Here the job is to transcribe the data exactly while omitting the images.

COLLECTED DATA:
━━━━
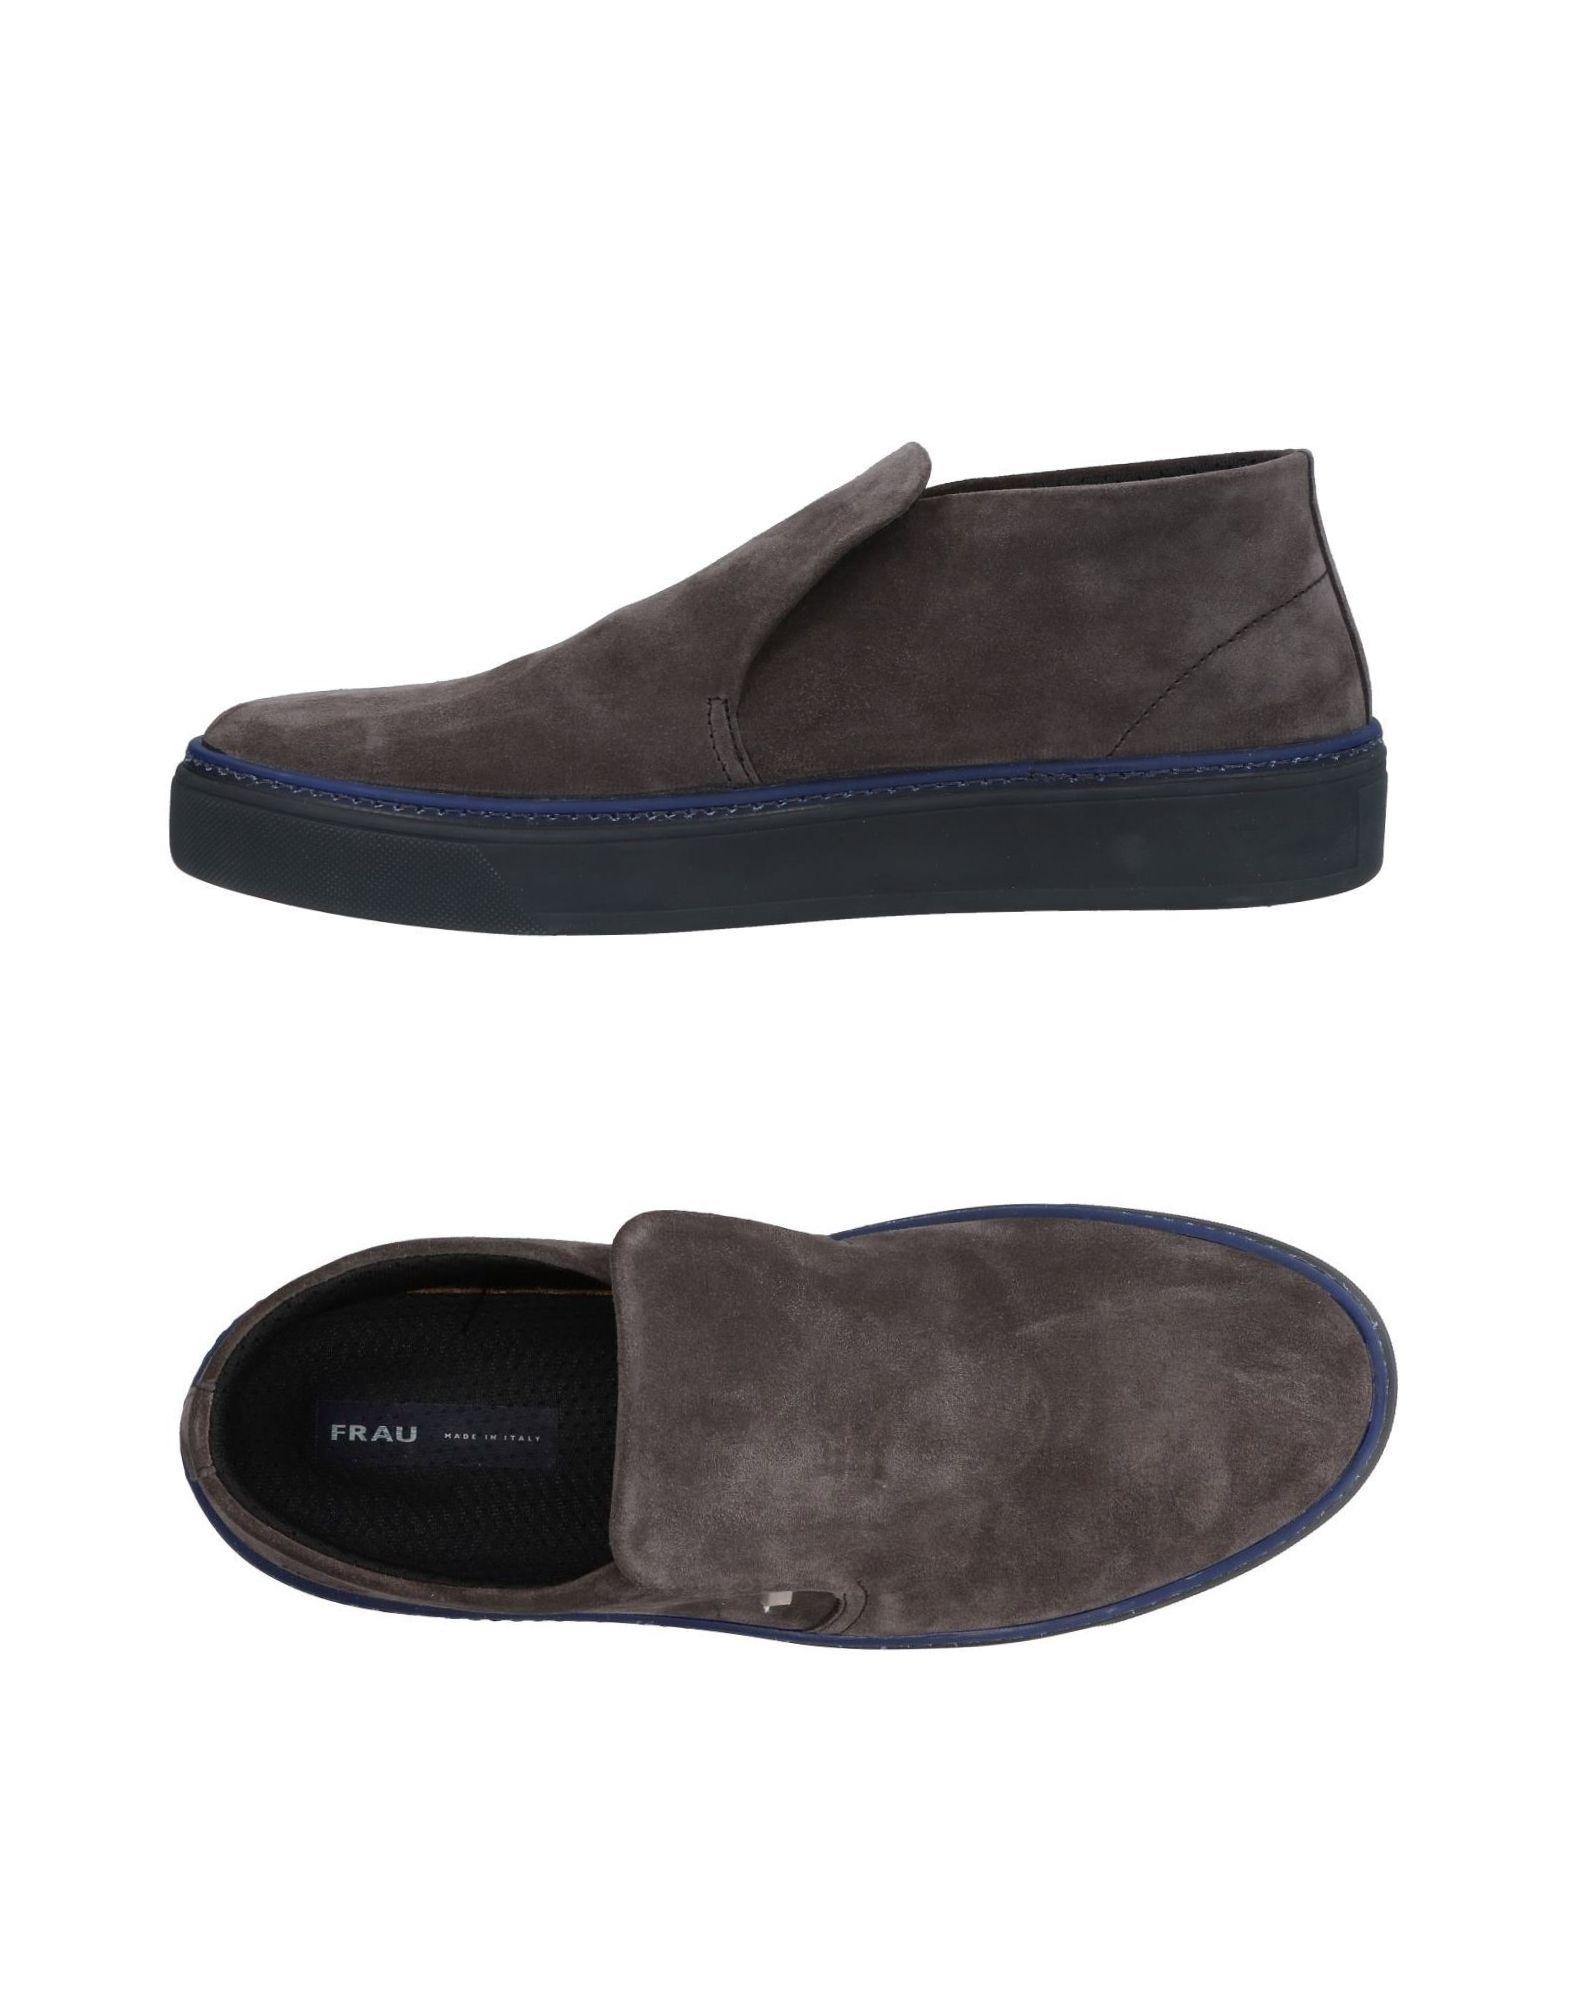 Rabatt echte Schuhe Frau Sneakers Herren  11459407CU
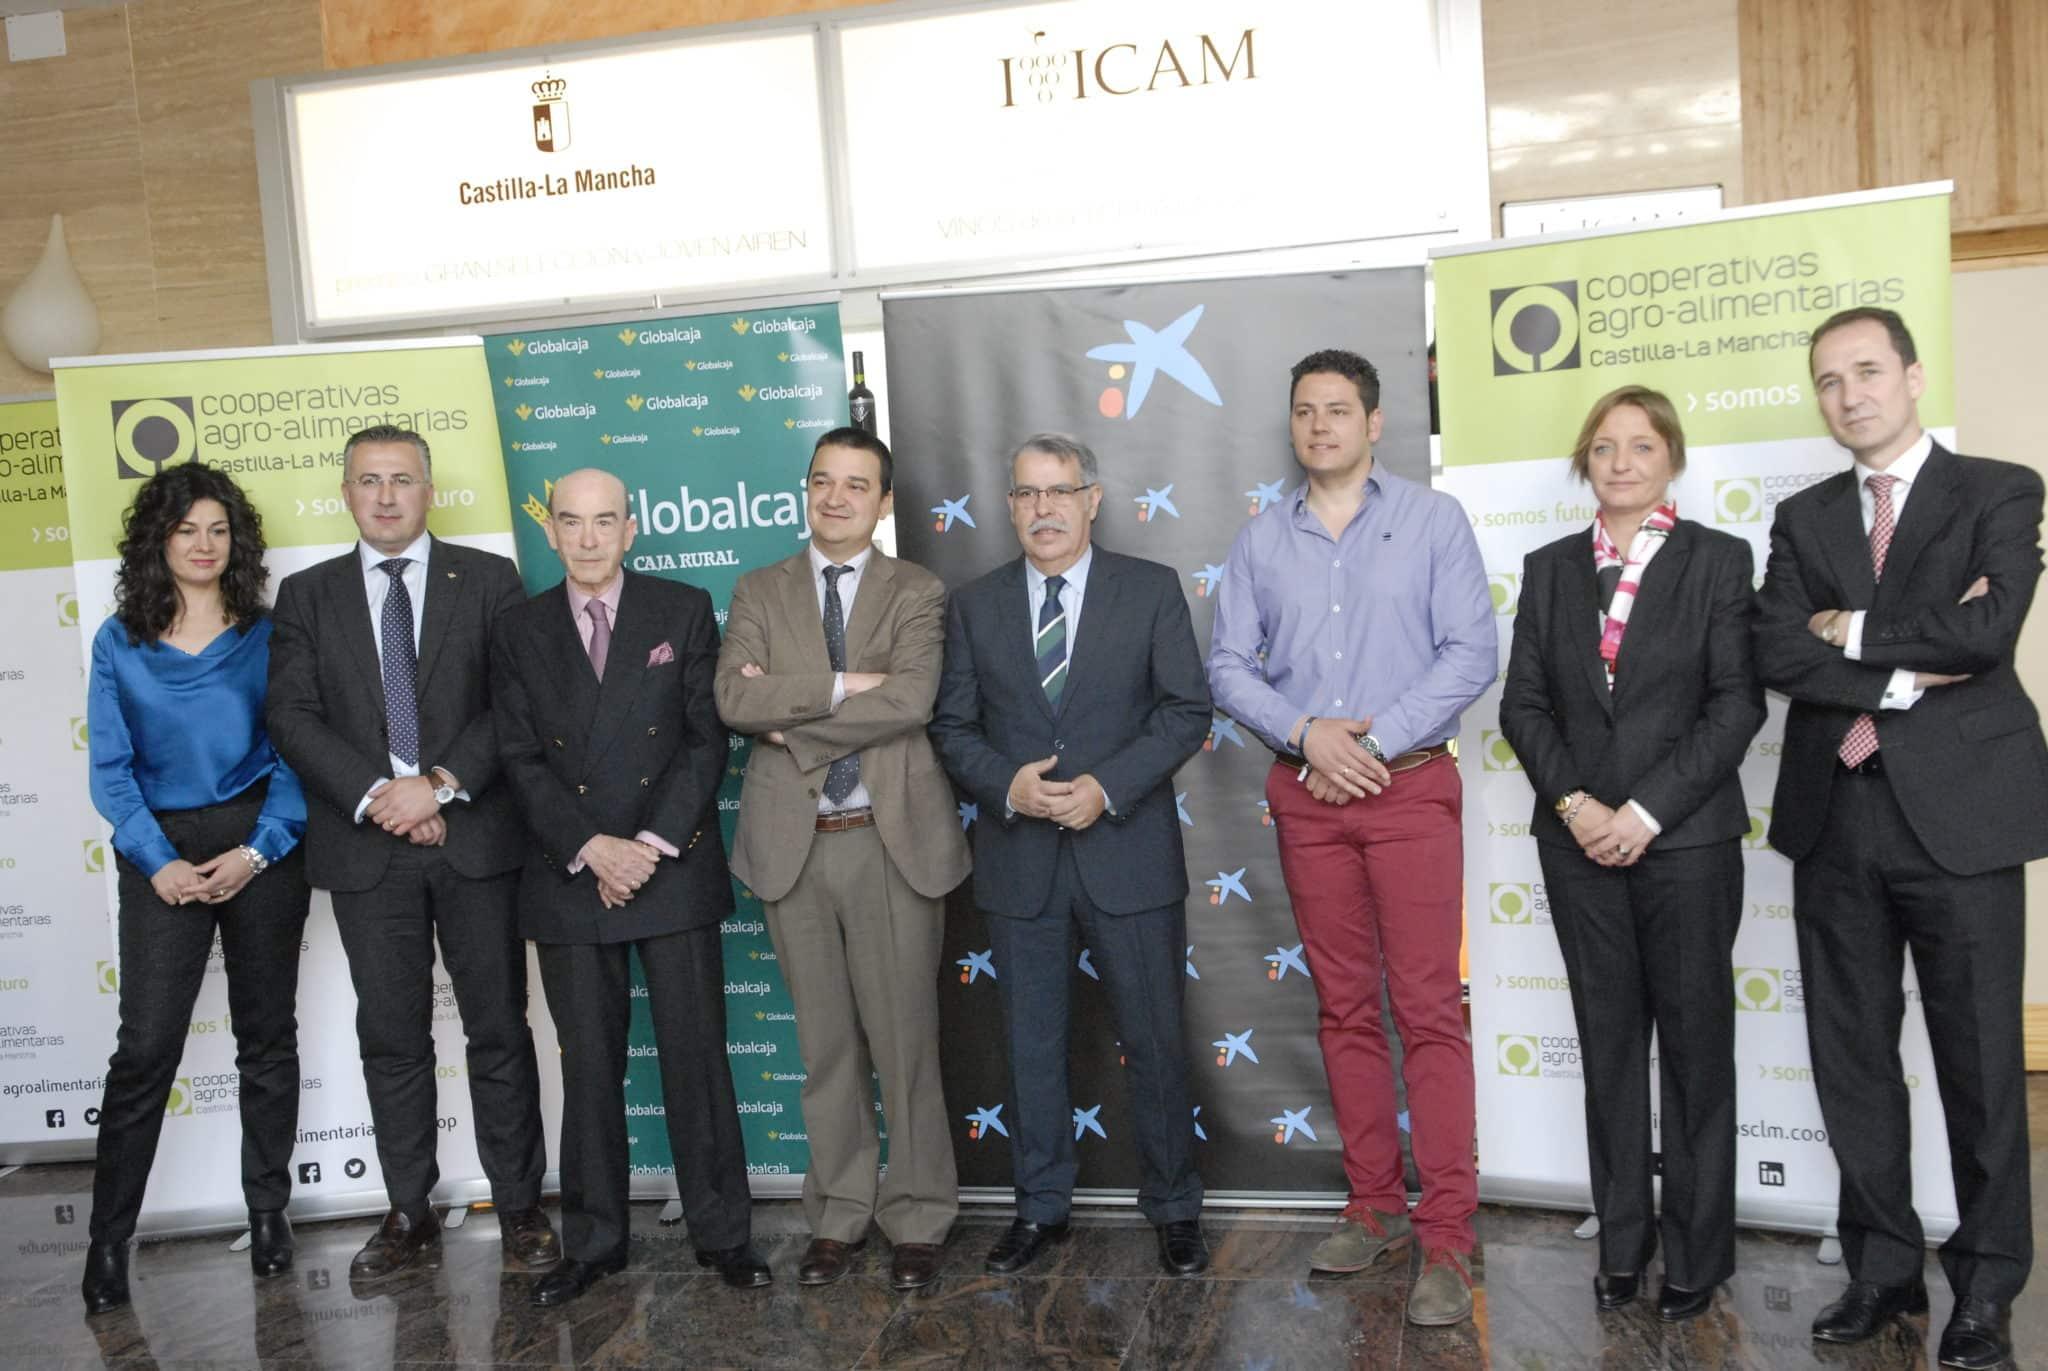 Globalcaja, en la jornada de la PAC de Cooperativas Agroalimentarias de Castilla-La Mancha
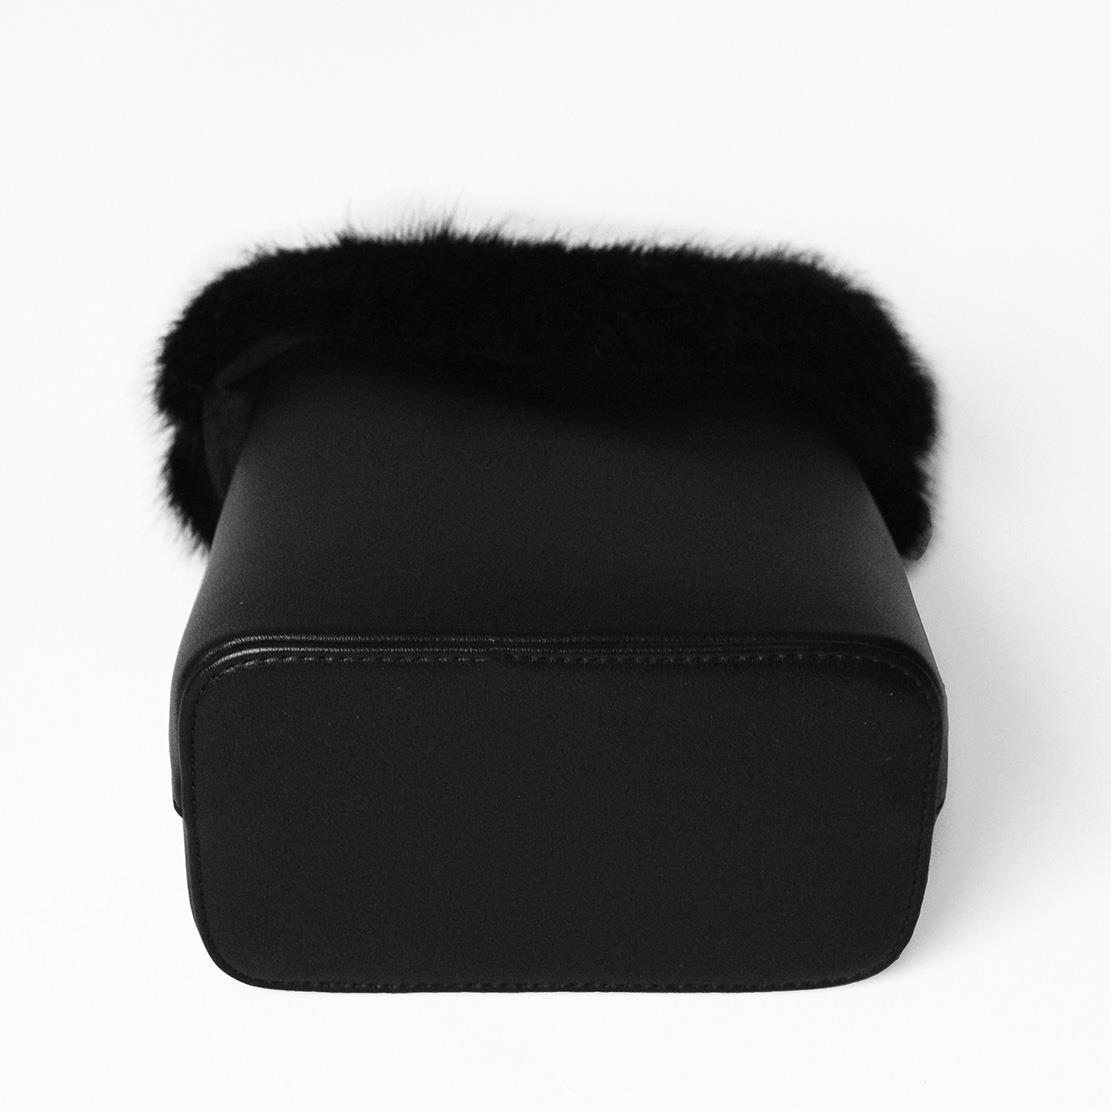 6b4e53df8f55 Молодежная черная сумка с мехом для девушки: 999 грн. - Сумки ...
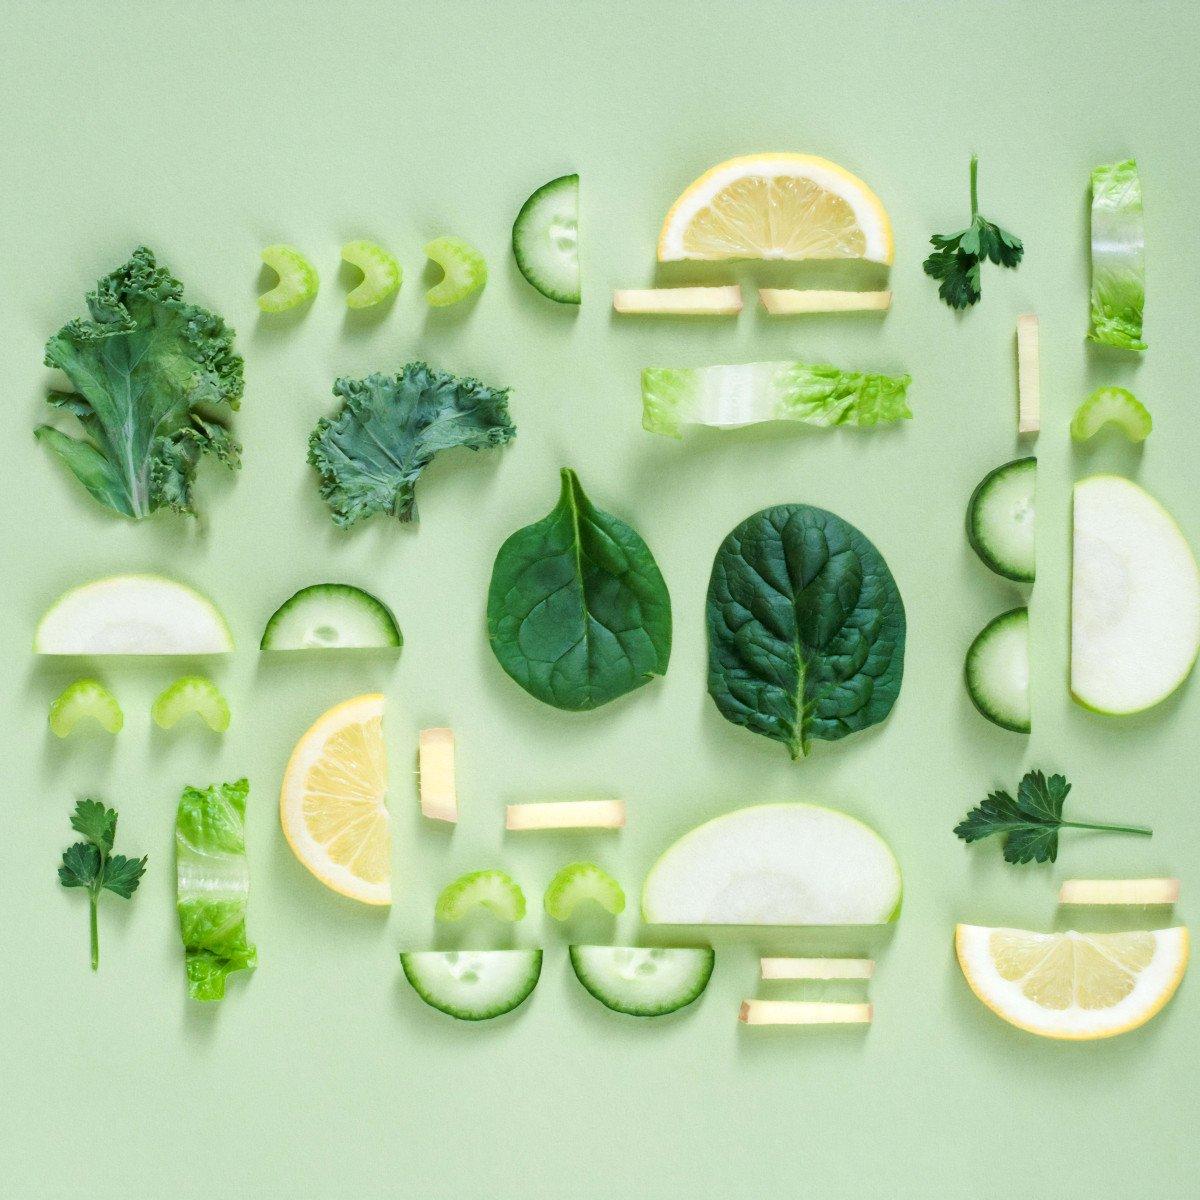 Let's talk about: Ernährungsmythen
━━━━
WRITTEN SOLUTION:
 Rabatt echte Schuhe Frau Sneakers Herren  11459407CU
 Globalcaja, en la jornada de la PAC de Cooperativas Agroalimentarias de Castilla-La Mancha
 6b4e53df8f55 Молодежная черная сумка с мехом для девушки: 999 грн. - Сумки ...
 Let's talk about: Ernährungsmythen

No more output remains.